A 2016 report by Human Rights Watch and the American Civil Liberties Union, and reported in The New York Times, described that “a disproportionate number of those arrested are African-Americans, who smoke marijuana at rates similar to whites but are arrested and prosecuted far more often for having small amounts for personal use.”
Those lopsided arrests are typically a product of law enforcement sending large numbers of officers to neighborhoods that have high crime rates, which results in petty marijuana possession arrests. Such incarcerations often snowball in the court system and devastate lives.

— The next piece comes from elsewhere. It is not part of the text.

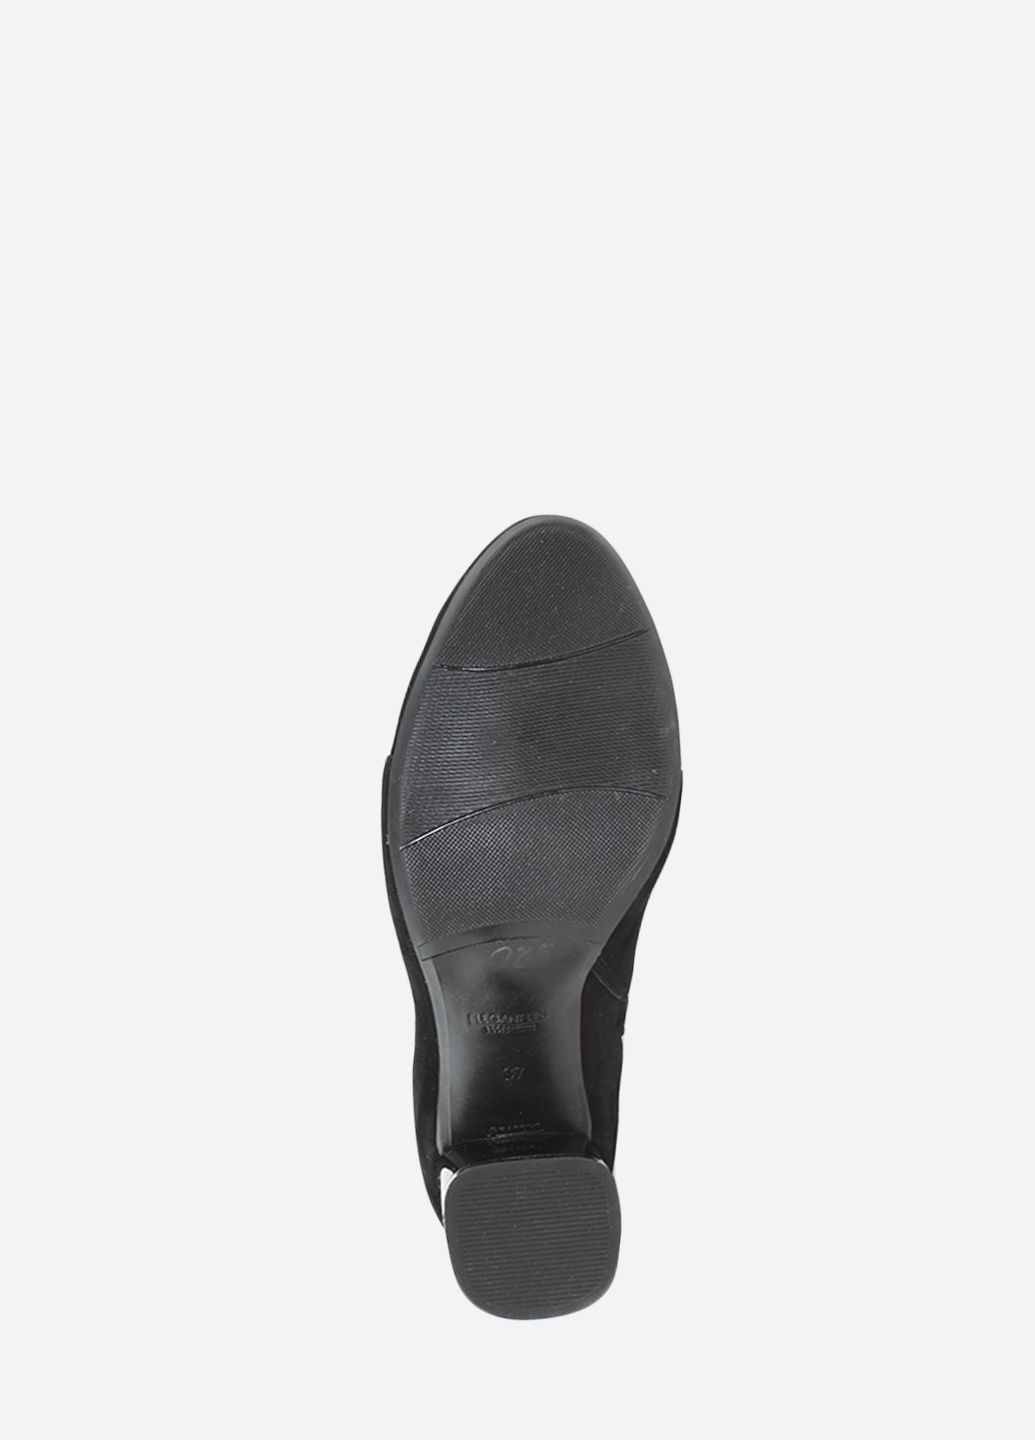 Осенние ботинки rk606-11 черный Kseniya из натуральной замши
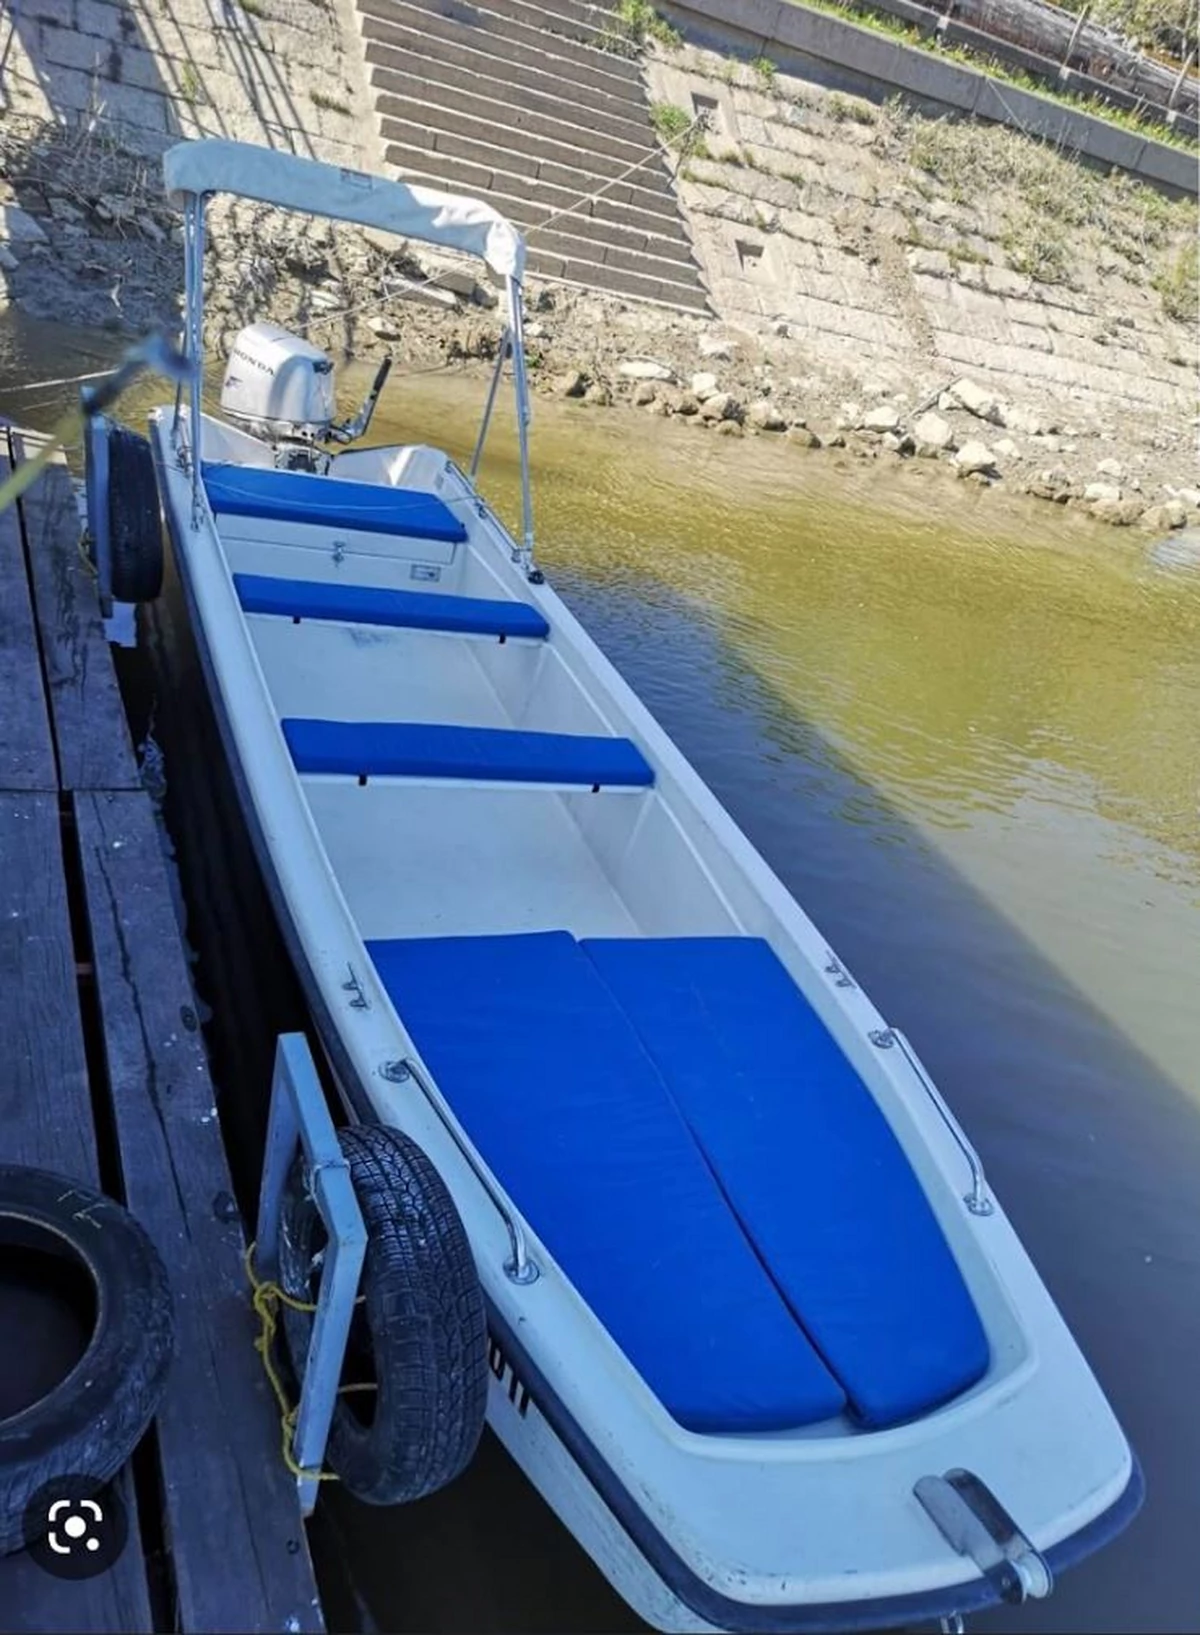 NOVI DETALJI TRAGEDIJE NA DUNAVU: Pijani sjeli u plastični čamac po lošem  vremenu? | Slobodna Bosna

Iraq War veteran Jose Belen, who suffers from post-traumatic stress disorder, joined the suit against Sessions as well. Treating his PTSD with medical marijuana means that Belen can’t legally talk with Veterans Affair doctors about cannabis use — again, the federal conundrum — and doesn’t have the freedom to safely enter a military base or travel by airplane with medical cannabis. Like the Bortells, the federal conflict puts Belen — who actively served in a warzone for 14 months — at risk of incarceration for possession of a Schedule I illegal drug.
The list goes on and on — and Sessions has to answer those pleas by average Americans, none of them thugs, who seek lifting the archaic Schedule I ban on cannabis to receive legal remedies.
Toddler Jagger Cotte, the youngest individual listed on the suit, is perhaps the most poignant example of the efficacy of medical cannabis.
Diagnosed with Leigh syndrome — characterized by progressive loss of mental and movement abilities and typically fatal within two to three years — Cotte’s life has been extended through cannabis treatments. He is now six years old, has more than doubled his life expectancy, and deserves an opportunity to extend his life even further.